In pancreatic adenocarcinoma (PAAD), LINC01637, also known as XXbac-B135H6.15, was identified as significant in the study by Deng et al. [34]. In this study, the high expression of LINC01637 was associated with better overall survival in PAAD patients, indicating its potential as a protective factor against disease progression. Additionally, its expression inversely correlated with the increasing risk score in PAAD, suggesting its importance as a potential prognostic biomarker for this type of cancer. Huang et al. [35] identified LINC01637 as being overexpressed in bladder cancer cell lines T24 and J82 compared to a less aggressive cell line of bladder cancer. However, overexpression of LINC01637 in the cell lines did not translate to enhanced levels in the exosomes derived from these cells. In contrast to its roles in PAAD and bladder cancer, our study investigates LINC01637 in the context of CRC, specifically examining its abundance in sEVs. The analysis of RNA sequencing data revealed a significant elevation of LINC01637 in patient samples relative to healthy controls, indicating its distinct role in CRC compared to documented functions in other cancers. Importantly, we validated these findings by a larger study cohort, which confirmed the high abundance of LINC01637 in sEVs from CRC patient blood serum, suggesting its potential as a non-invasive biomarker in CRC diagnostics.

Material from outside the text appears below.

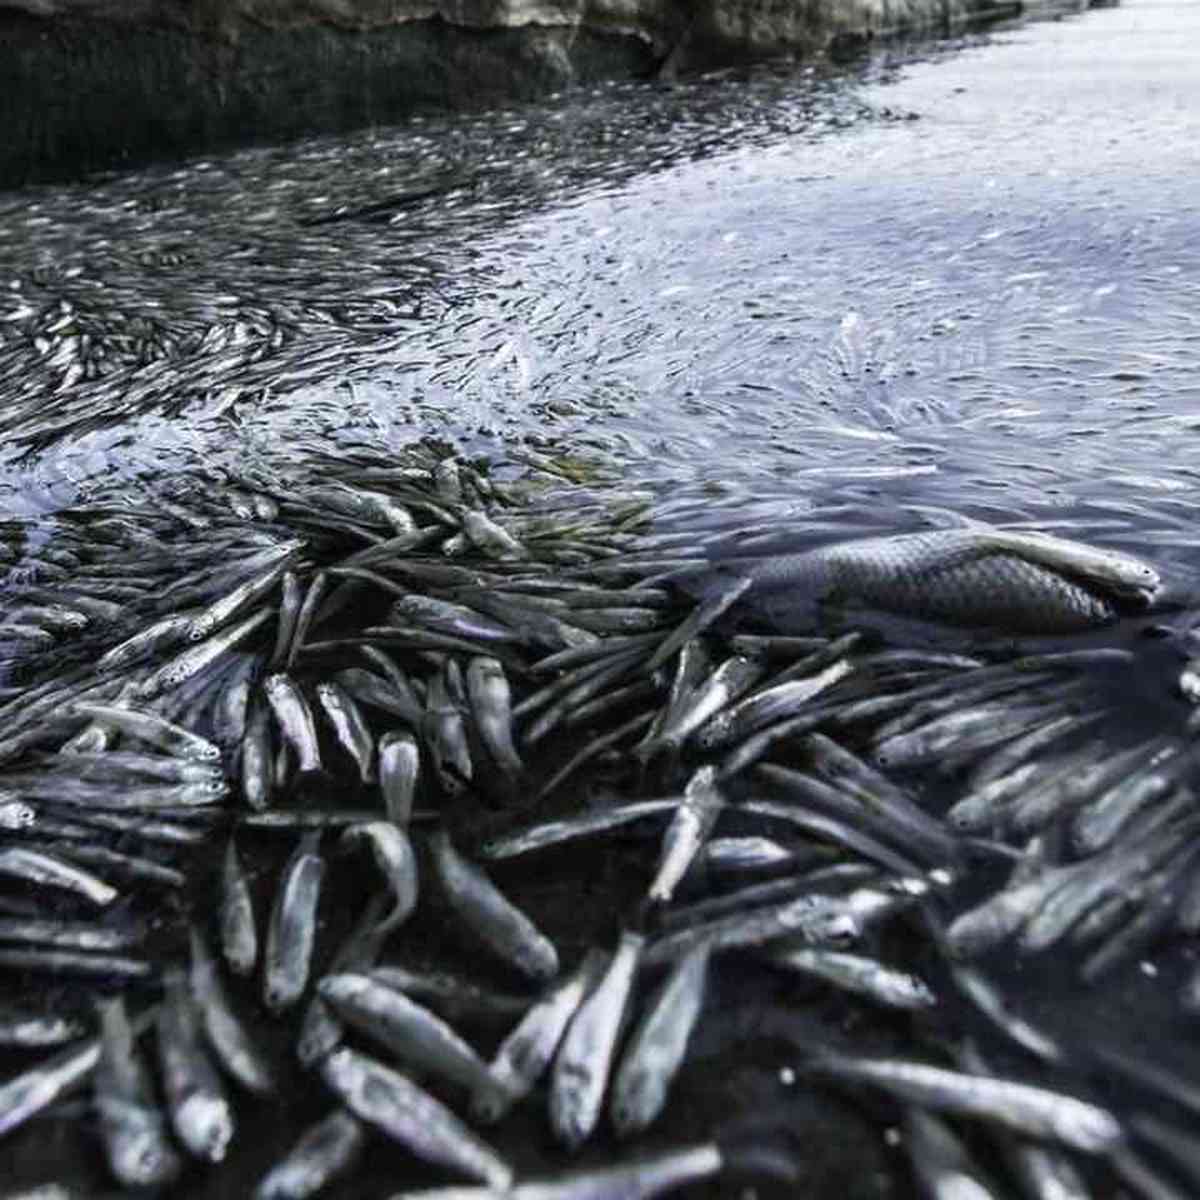 Lagoa amanhece tomada por peixes mortos em Linhares. É a Semana da Água

While our study provides substantial insights into the relative abundance of lncRNAs in sEVs from CRC patients, we have encountered some limitations. Firstly, the pooling of samples, while necessary due to low RNA concentrations, could mask individual variability and relevant differences between patients. This approach, combined with the challenges of quantifying low amounts of RNA, may limit the direct clinical applicability of our findings.

Secondly, while preamplification enables the detection and quantification of RNA molecules that would otherwise be below the threshold of detection, it is not without its drawbacks. This process can introduce amplification biases and non-specific artifacts that can lead to disproportionate representation of certain RNA sequences, which may not accurately reflect their true abundance in the original sample. Despite these challenges, the use of preamplification was a necessary compromise given the current technological constraints and the low RNA yield from sEVs.

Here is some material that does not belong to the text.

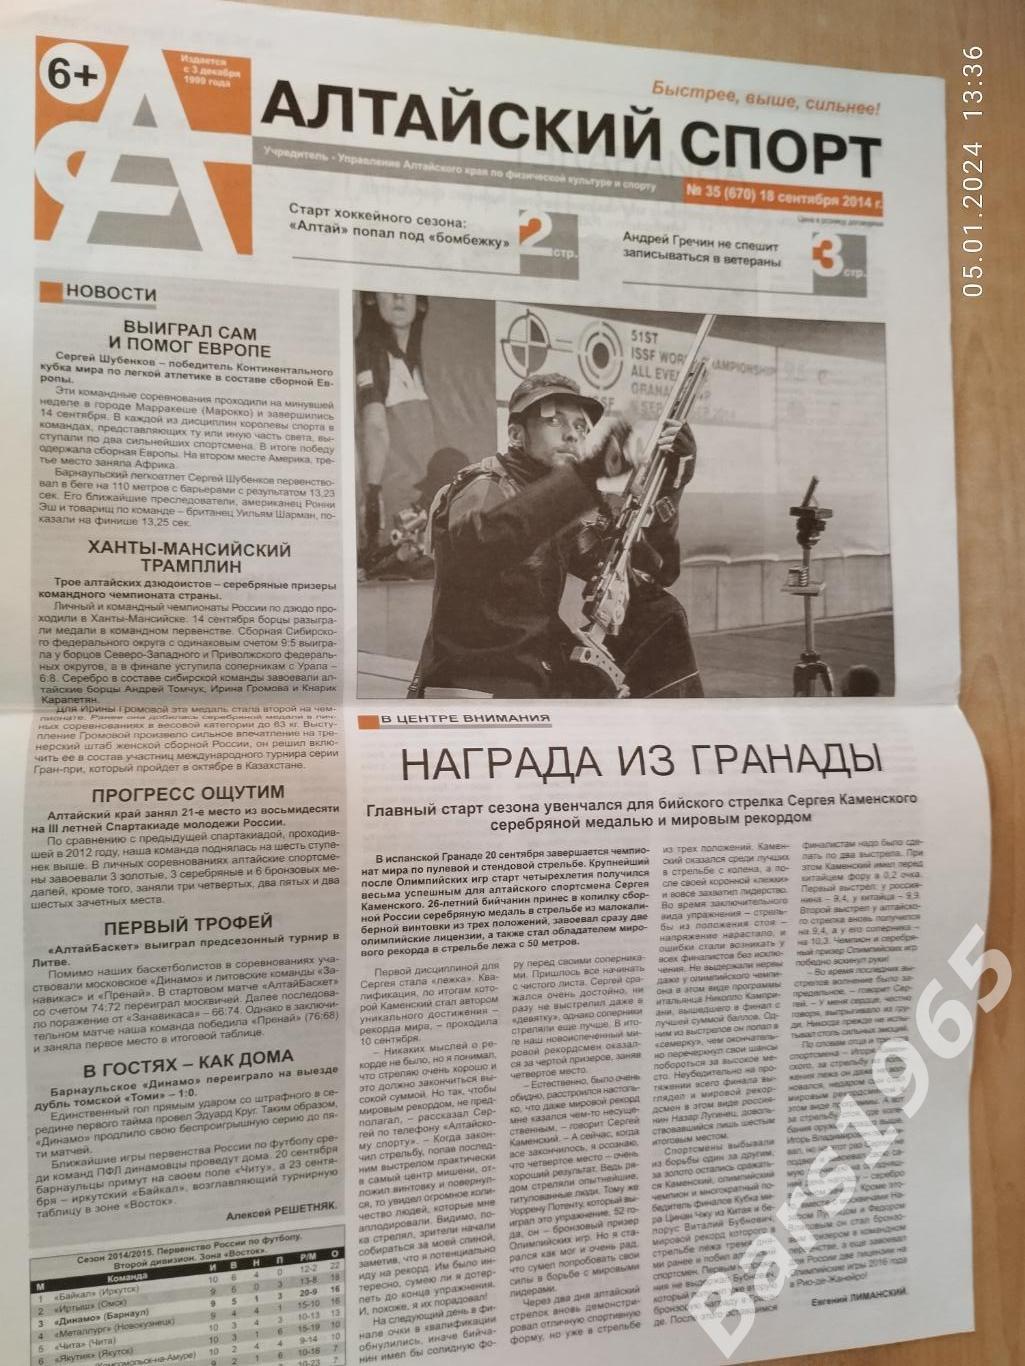 Алтайский спорт № 35 (670) 18 сентября 2014

Thirdly, although our RNA sequencing approach identified a significant number of lncRNAs with different levels between CRC patients and healthy controls, the analytical power of specific lncRNA for clinical use might be limited. This could be partially due to the technical challenges associated with the isolation of sEV by SEC, which can introduce variability by co-isolation of other EV subtypes. Nevertheless, our findings highlight the biological significance of lncRNAs isolated from sEVs, revealing their potential as non-invasive biomarkers of CRC.

Conclusions

Our observations across different lncRNAs and cancer types highlight the varied roles of lncRNAs in oncology, offering new perspectives for biomarker discovery and potential therapeutic targets. Importantly, our study demonstrates the potential of EV-enriched lncRNAs as non-invasive biomarkers for distinguishing CRC patients from healthy controls, a finding confirmed in a larger patient cohort. We also recognize that certain methodological aspects, such as the limited volume of blood serum used for sEV RNA isolation and challenges in RNA quantification, have highlighted areas for further optimization.